Percentage of patients who underwent cardiac catheterization or CT scan
Preoperative echocardiography showed mild atrioventricular valve regurgitation in 80% of patients, with no regurgitation in 20%. Pulmonary diameters were recorded with median measurements of 6 mm (IQR, 5-8.25 mm) for the pulmonary annulus, 5 mm (IQR, 3.8-7 mm) for the right pulmonary artery (RPA), and 5 mm (IQR, 3.95-6.35 mm) for the left pulmonary artery (LPA). Preoperative diagnostic catheterization was performed in 30% of patients, and computed tomography (CT) angiography in 10%. Major aortopulmonary collateral arteries (MAPCAs) were absent or non-significant in 90% of cases that underwent diagnostic cardiac catheterization or cardiac CT. Table 1 illustrates the preoperative data of the studied patients
Operative data
The median aortic cross-clamping time was 116 minutes (IQR, 105-133 minutes), and the median bypass time was 150 minutes (IQR, 116.5-159.5 minutes).

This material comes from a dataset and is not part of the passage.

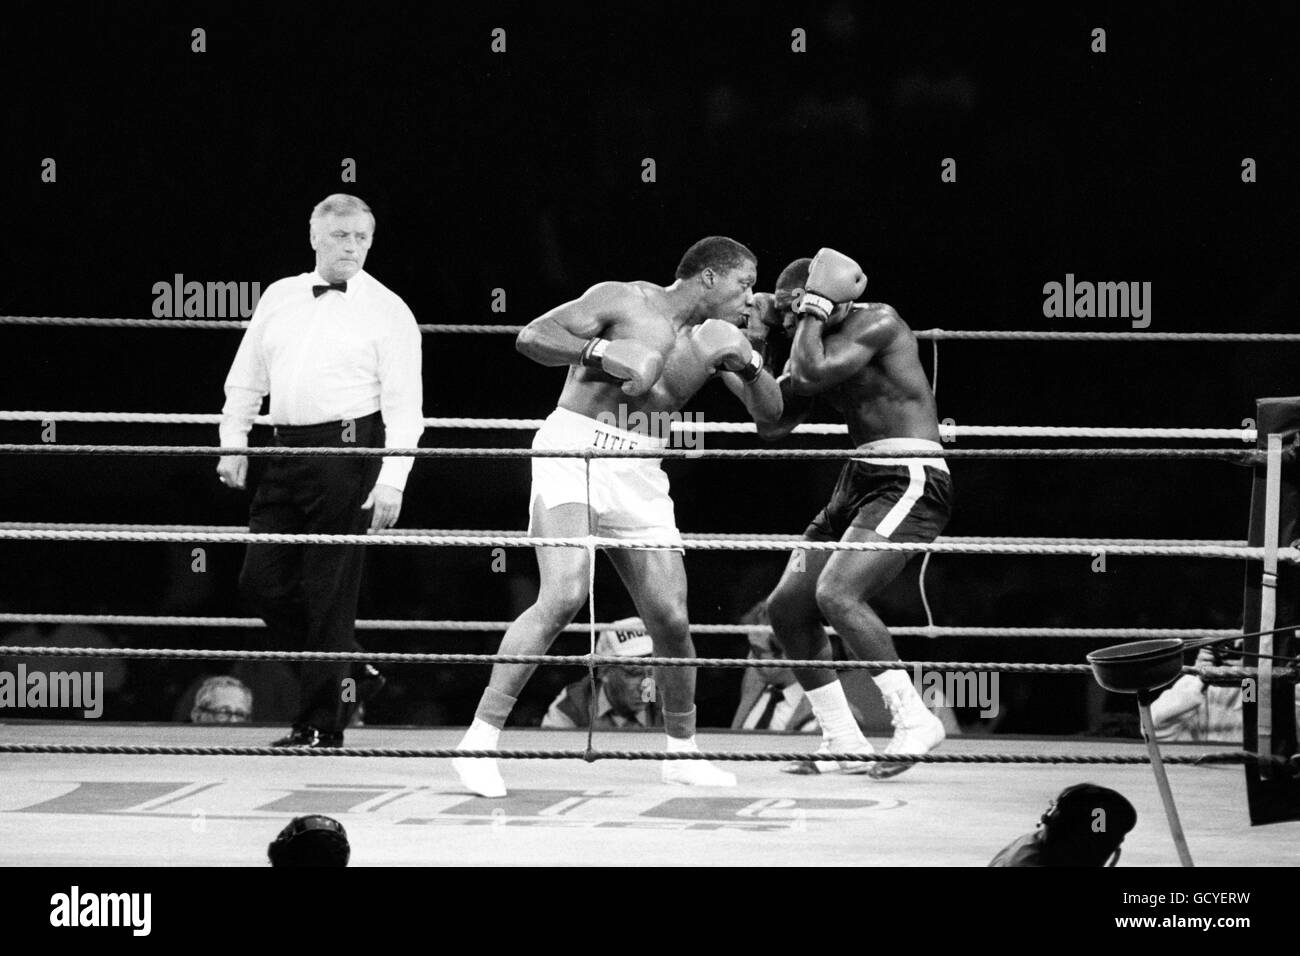 Boxe - poids lourd - Gary Mason v Mark Young - Wembley Stadium, Londres.Gary Mason de Grande-Bretagne en action contre l'américain Mark Young. Banque D'Images

Additional procedures included the creation of an ASD (55%), transannular patching (35%), creation of pulmonary cusps (20%), pulmonary artery plasty (15%), and RV-PA conduit placement (10%) as shown in Table 2.
Table 2.
- Operative data of studied patients. N=20
| Parameters | n (%) |
|---|---|
| Aortic cross-clamping time, minutes | 116 (105-133) |
| Bypass time, minutes | 150 (116.5-159.5 |
| Creation of ASD, n (%) | 11 (55) |
| Transannular patch, n (%) | 7 (35) |
| Creation of pulmonary cusps | 4(20) |
| PA plasty, n (%) | 3 (15) |
| RV-PA conduit, n (%) | 2 (10) |
ASD: atrial septal defect, PA: pulmonary artery, RV: right ventricle
Postoperative data
Postoperative outcomes included the use of ECMO in 10% of patients, and junctional ectopic tachycardia (JET) occurred in 25%, with 10% requiring amiodarone. The median chest tube duration was 10 days (IQR, 4.75-21 days). Complete heart block necessitating permanent pacemaker implantation occurred in 10% of patients, while no cases of postoperative phrenic nerve palsy were reported. Chylothorax developed in 15% of patients.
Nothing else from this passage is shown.